Has there ever been a piece of legislation as mythologized as the Medicare Prescription Drug, Improvement and Modernization Act of 2003?
The answer, of course, is yes. Even last week's failed energy bill had a pipeline full of bull about how huge tax breaks for highly profitable conglomerates were going to secure our energy future when they did no such thing. The Medicare bill may, however, have set a new standard for emotional as well as rhetorical excesses.
This page has done plenty of hand-wringing of its own over this bill, which is filled with enough sops to the special interests that it may have to be revisited in the coming years if for no other reason than fiscal sanity.
With all of this in mind, it is time to address some of the bigger myths about this act, and in so doing perhaps shed a little light into some of its many dark recesses.

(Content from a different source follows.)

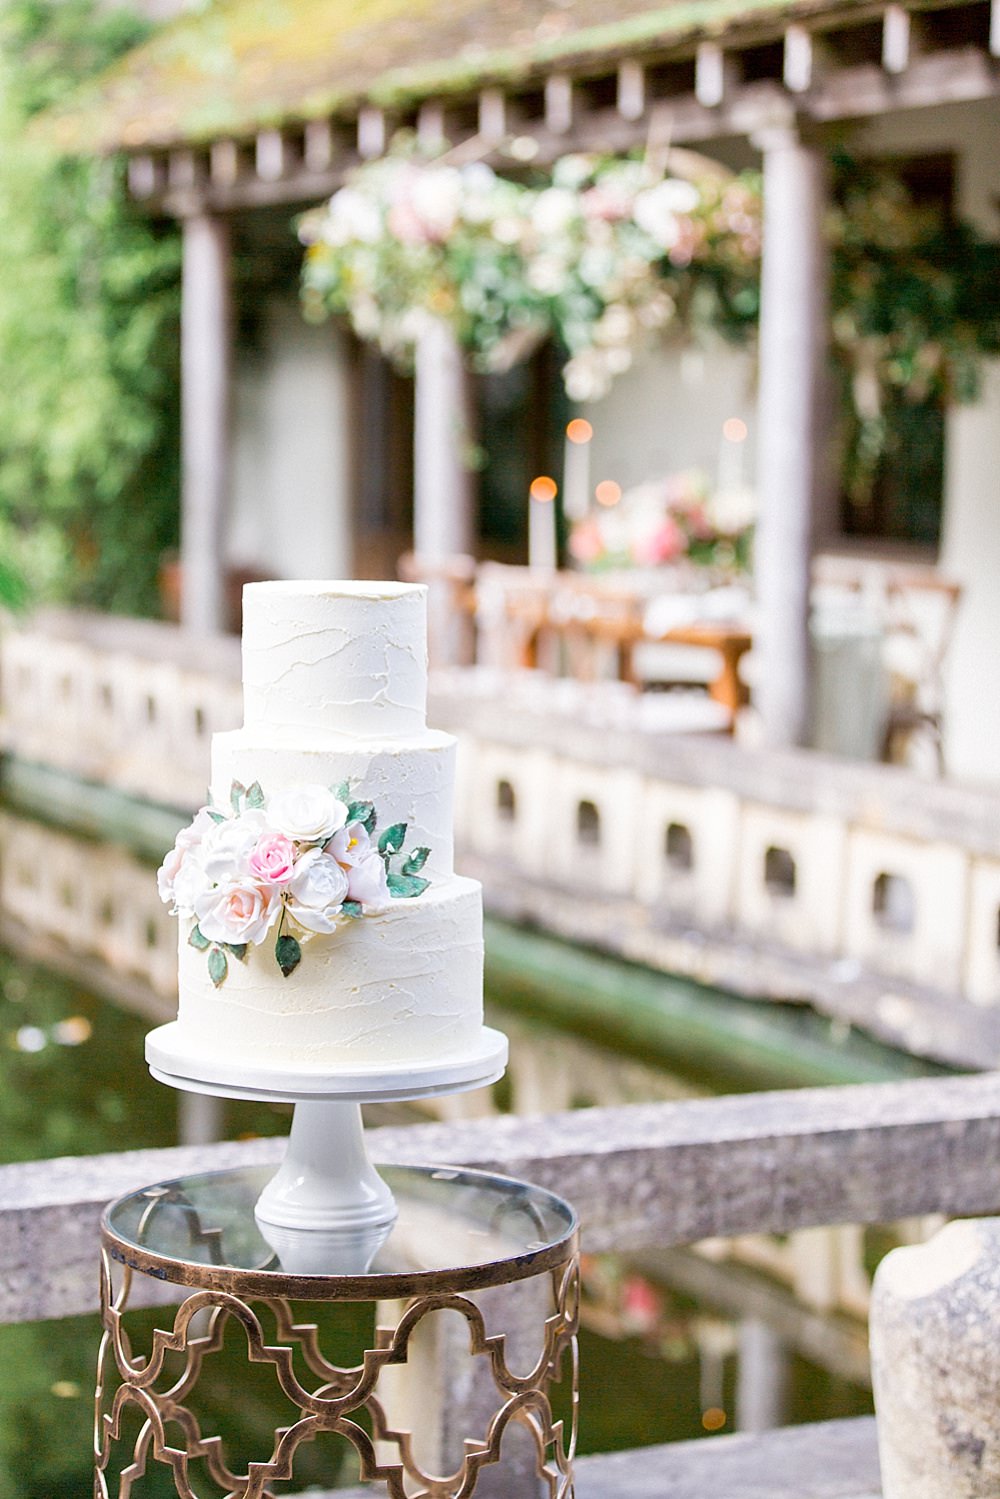 The wedding cake was a textural one, with lush blooms and greenery to fit the shoot theme

Myth No. 1: The bill will lead to the privatization of Medicare. This could happen if all of the stars in the firmament align themselves, but it isn't very likely. Because of last-minute changes, competition between private health plans and traditional Medicare is the subject of a demonstration project that won't even begin until 2010, will last six years and likely will fail. If the premium differential between private plans and traditional Medicare is as large as opponents say, and private plans cherry-pick healthier seniors, leaving older, sicker beneficiaries in the old program, the AARP will rejoin its erstwhile Democratic friends in putting the kibosh on it.

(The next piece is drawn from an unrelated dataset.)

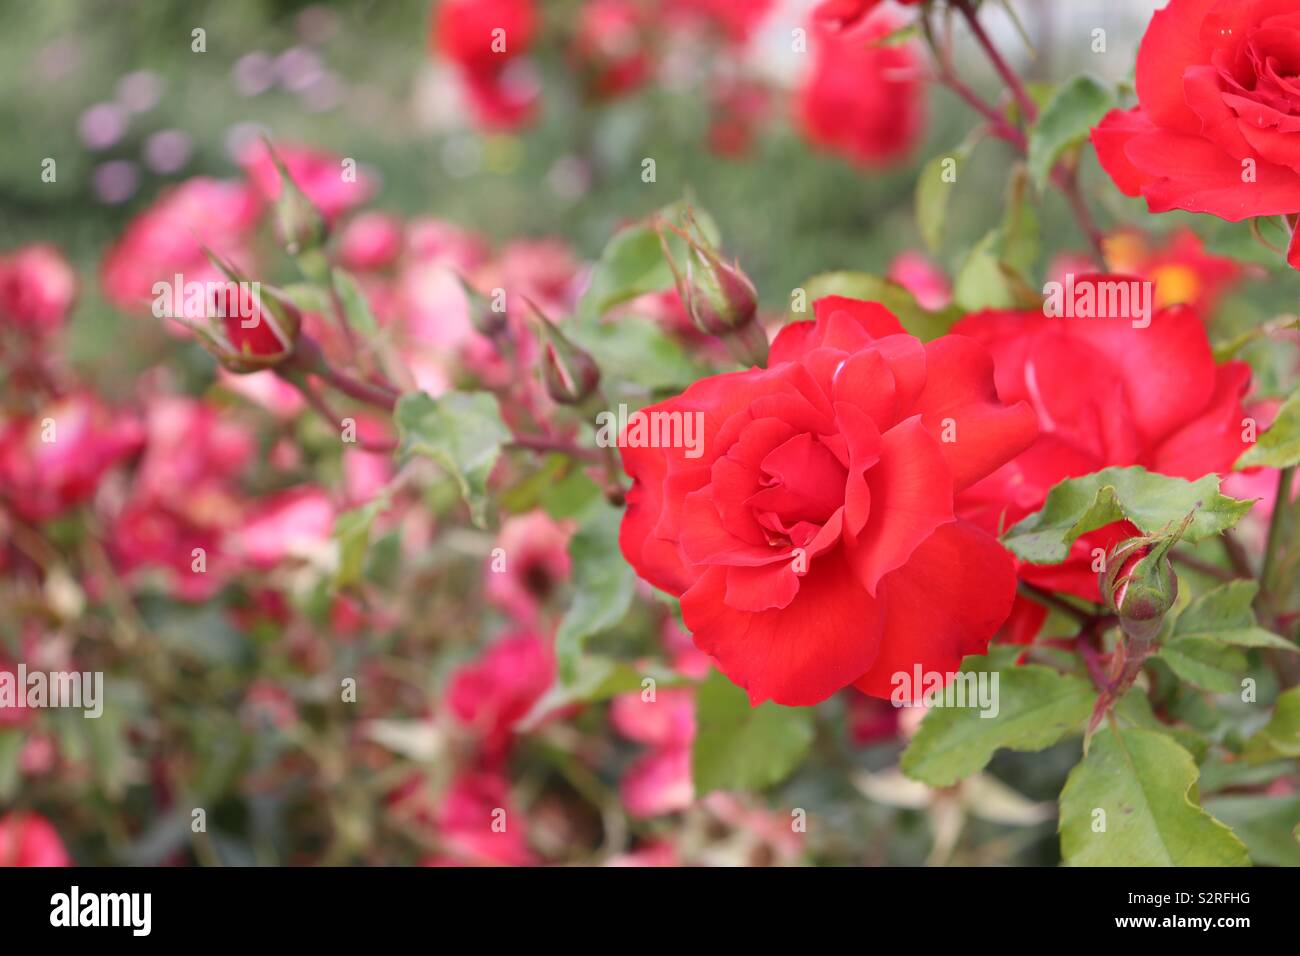 Closeup image of red rose in full bloom Stock Photo

Myth No. 2: This is the best drug benefit we could get given the fiscal realities. As Teddy Kennedy screamed last week on the Senate floor, poppycock! Throw out the $12 billion in just-for-the-hell-of-it payments to health plans, the health savings accounts and all the other junk unrelated to prescription drugs, and the "doughnut hole" in the drug benefit could have been narrowed tremendously. There also was no need for the Scrooge-like asset limits that the poorest seniors will have to meet to get the most help paying for lifesaving drugs.
Myths No. 3 and 4: There are (are not!) meaningful cost controls in the plan. Well, there are some elements of the plan that could save some money, including cutting reimbursement for Part B drugs and giving seniors new drug-discount cards next year. There also are provisions that will give pharmacy benefit managers leeway to negotiate lower prices, and a few generic drug changes that may help. However, compared with what should have been HHS-negotiated, nationwide drug discounts, these savings are a pittance. This is why the $400 billion price tag for this bill simply isn't realistic.

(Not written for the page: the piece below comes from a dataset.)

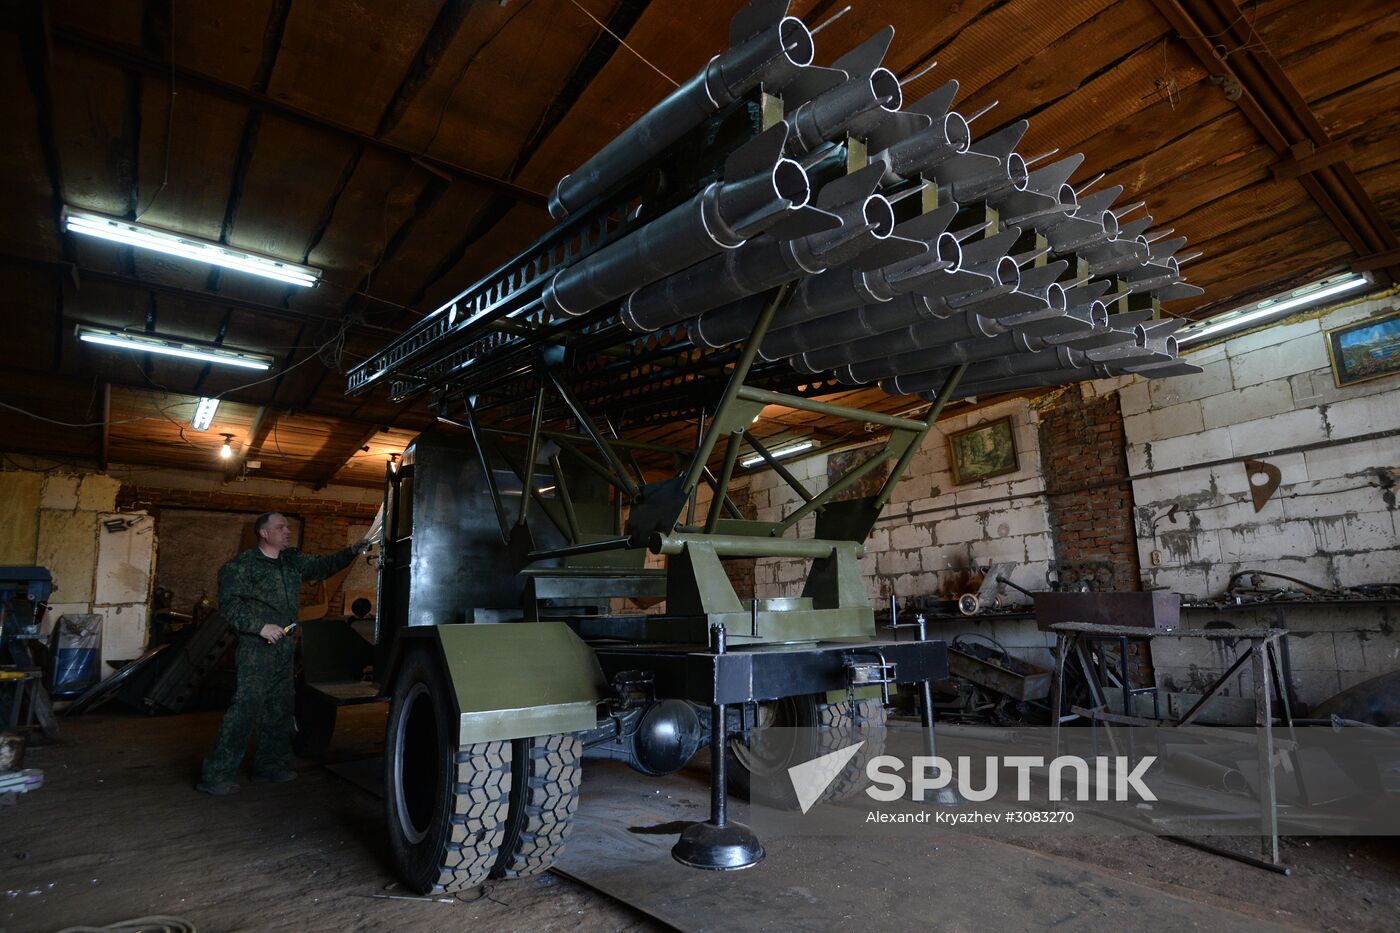 Manufacturing full-size models of WWII military vehicles in Novosibirsk Region

Myth No. 5: The doughnut hole will stop most seniors from getting much of a drug benefit. This one is trickier. The "average senior" is expected to have an annual drug bill of $3,160 in 2006, when the legislation kicks in. After paying the monthly Medicare drug premiums, copayments and deductible, he or she would save a grand total of $1,000. If this person has retiree drug coverage (likely soon to vanish) he or she won't take part. For those with far higher drug costs, this bill may be a good deal, because it pays 95% of drug costs above the out-of-pocket, assuming the person has the $4,000 to get there. The very poorest of the poor-those without assets-may win because they are exempt from most out-of-pocket costs.
Other than that, this is a simple bill that anyone can see is (is not!) going to help all (no) seniors. (If you believe that, we have a used energy bill we'd like to sell you.)